PRESCOTT, combined with state-of-the-art Deep Learning models, has been invited to the “Distinctive Advances in Missense Prediction” session of the prestigious CAGI7 (Critical Assessment of Genome Interpretation) challenge. This invitation highlights the growing impact of PRESCOTT in predicting the functional effects of missense mutations across diverse biological systems.

Gianluca Lombardi (PhD doctorant at SCAI) will be in Boston to present PRESCOTT and its Deep Learning extensions, showcasing results on four major CAGI7 challenges, each focused on assessing the consequences of genetic variants:

1. Arylsulfatase A (ARSA)
Prediction of protein-stability changes in ARSA, an enzyme involved in metachromatic leukodystrophy (MLD), an autosomal recessive lysosomal-storage disorder.

2. Lipoprotein Lipase (LPL)
Evaluation of the impact of LPL variants using a surface-abundance assay in mammalian cells, critical for understanding lipid-metabolism regulation.

3. Tuberin (TSC2)
Assessment of TSC2 protein stability, a tumor suppressor that plays a central role in the regulation of cell growth and proliferation.

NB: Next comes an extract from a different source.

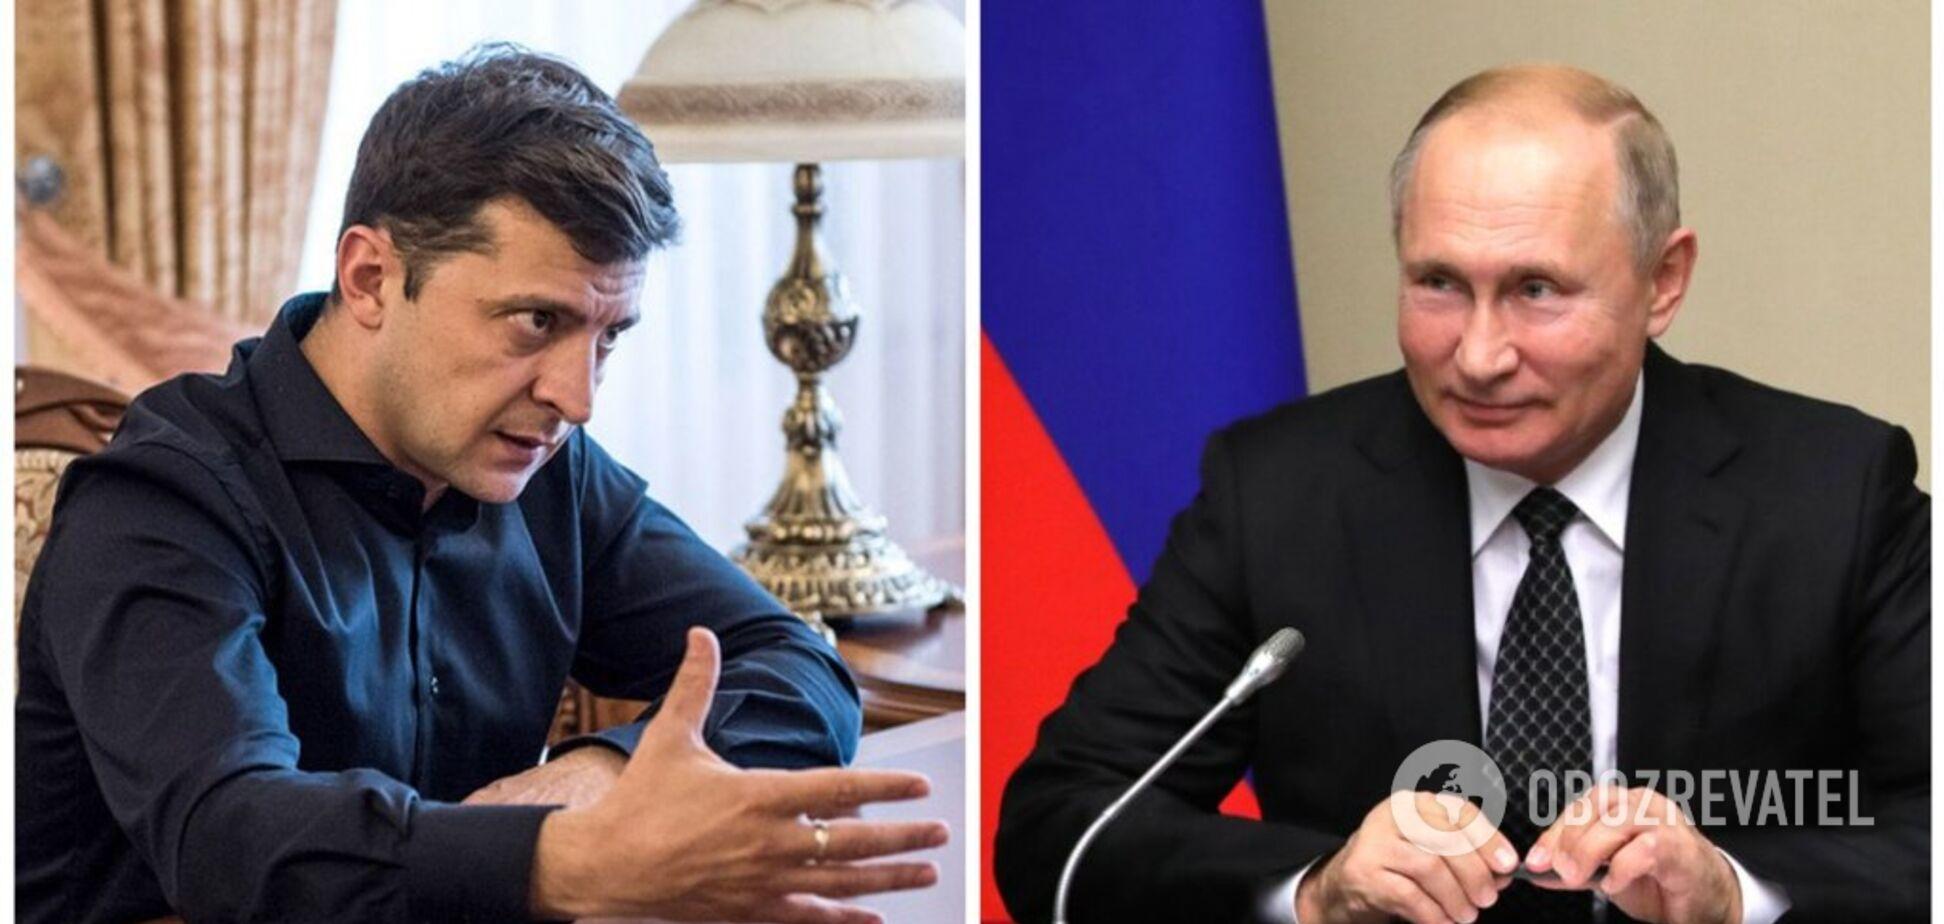 'Наступление Украины': Кулеба назвал цели Зеленского на встрече с Путиным

4. Copper-Transporting ATPase 2 (ATP7B)
Prediction of functional effects of ATP7B variants based on a yeast-growth assay, relevant for deciphering copper-transport dysregulation, including mechanisms associated with Wilson disease.

Alongside the invited talk, Gianluca Lombardi will present a poster summarizing the results obtained on the four CAGI7 challenges, detailing methodology, predictive performance, and the added value of combining PRESCOTT with Deep Learning strategies.